## What you are asked to do
Would you retype the listing below word for word, without any of its pictures?

## Data segment
----

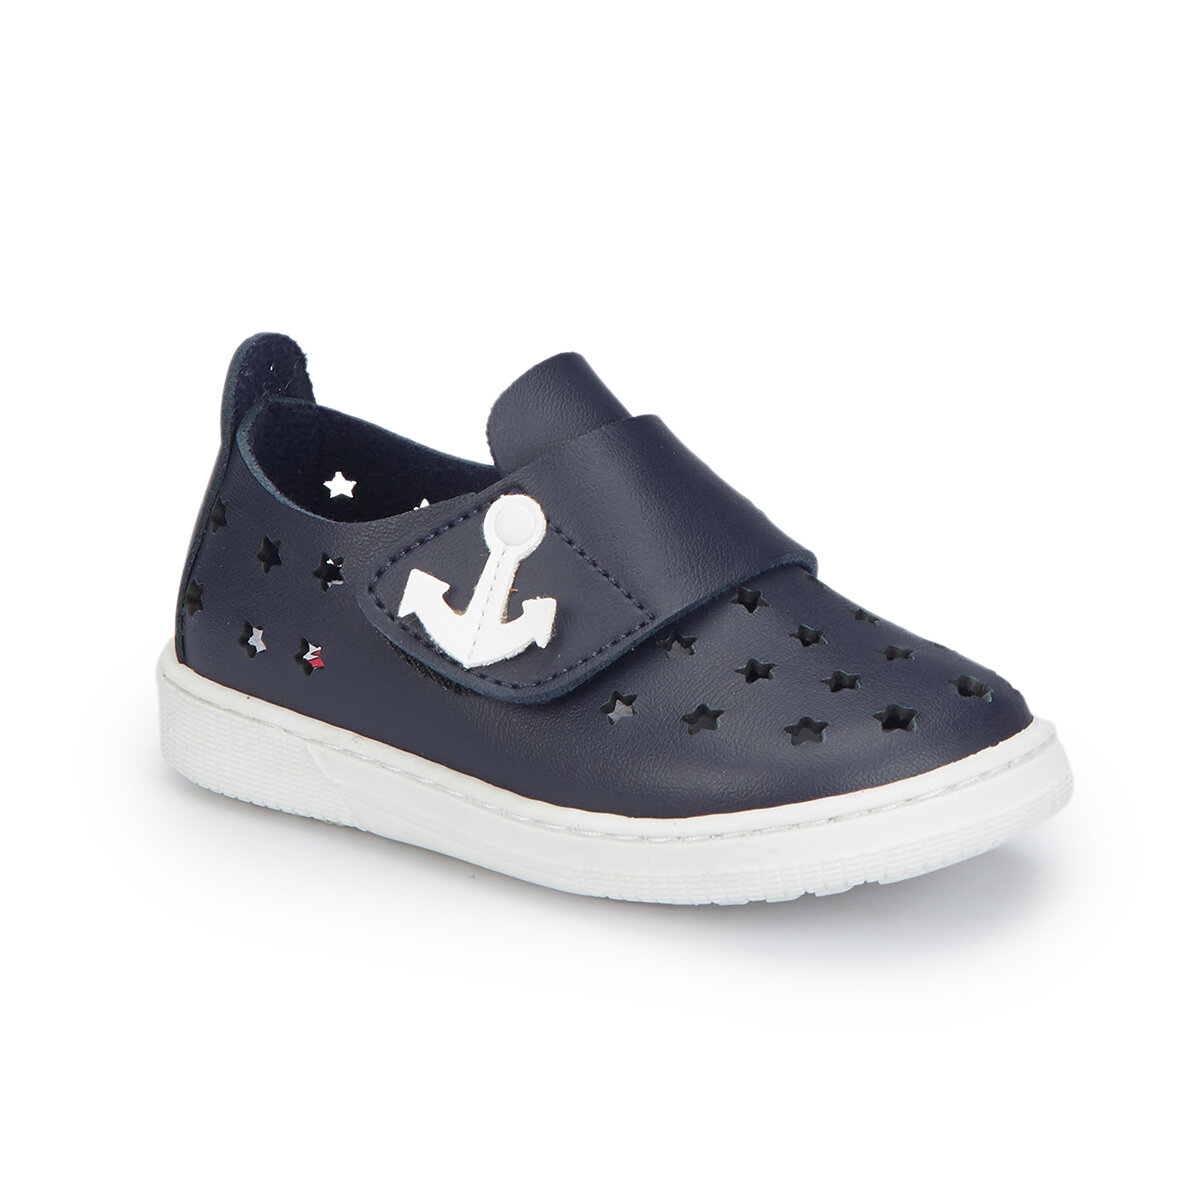 FLO 81.510270.B Navy Blue Male Child Sneaker Shoes Polaris
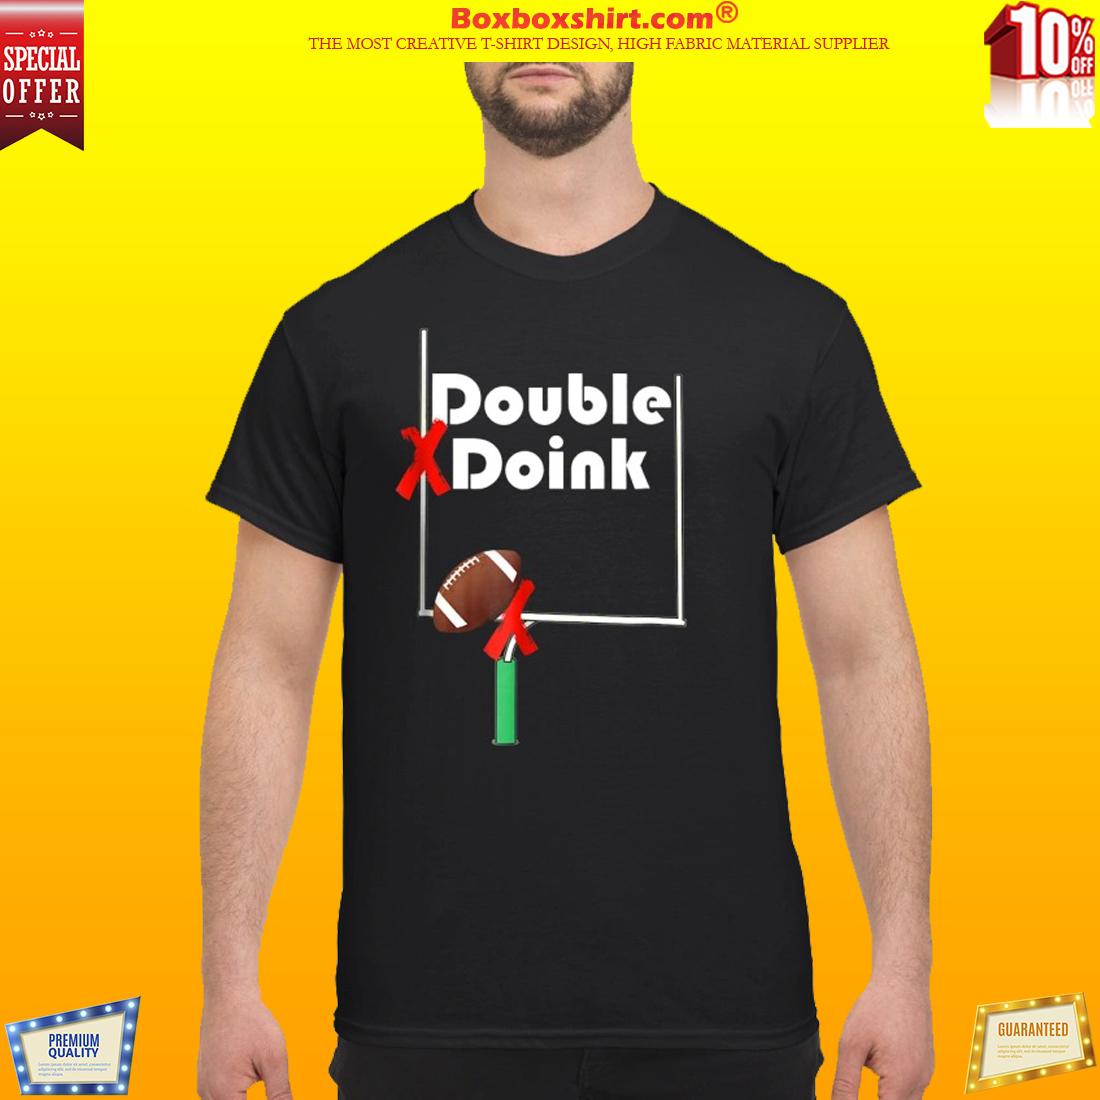 Double Doink Football shirt
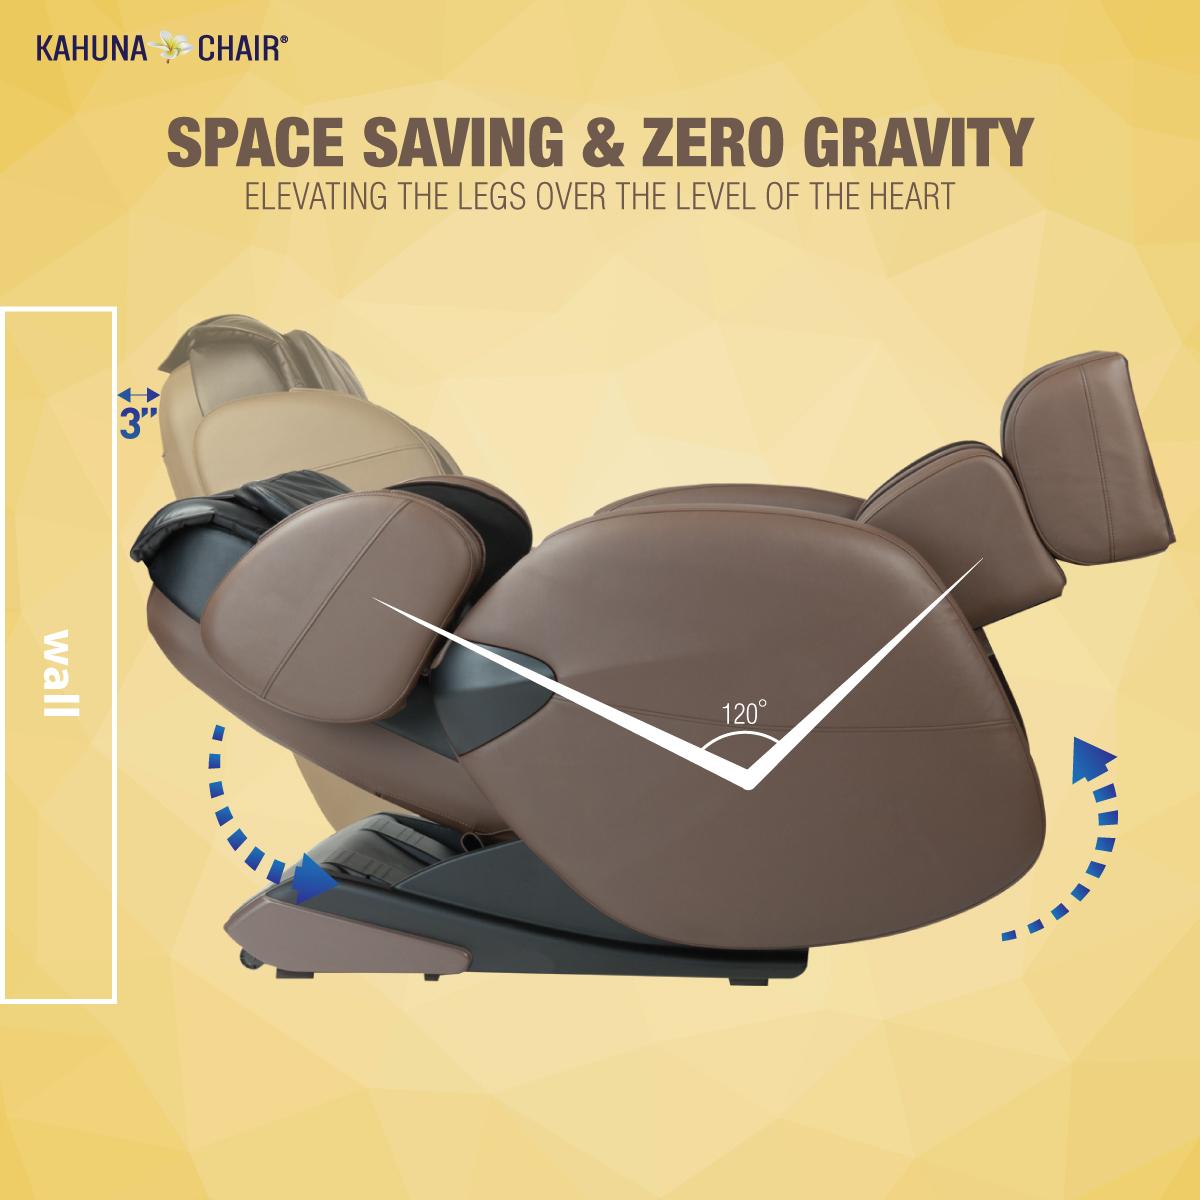 Kahuna LM 6800 Zero Gravity Recline

----

## Task solution
 FLO 81.510270.B Navy Blue Male Child Sneaker Shoes Polaris
 Double Doink Football shirt
 Kahuna LM 6800 Zero Gravity Recline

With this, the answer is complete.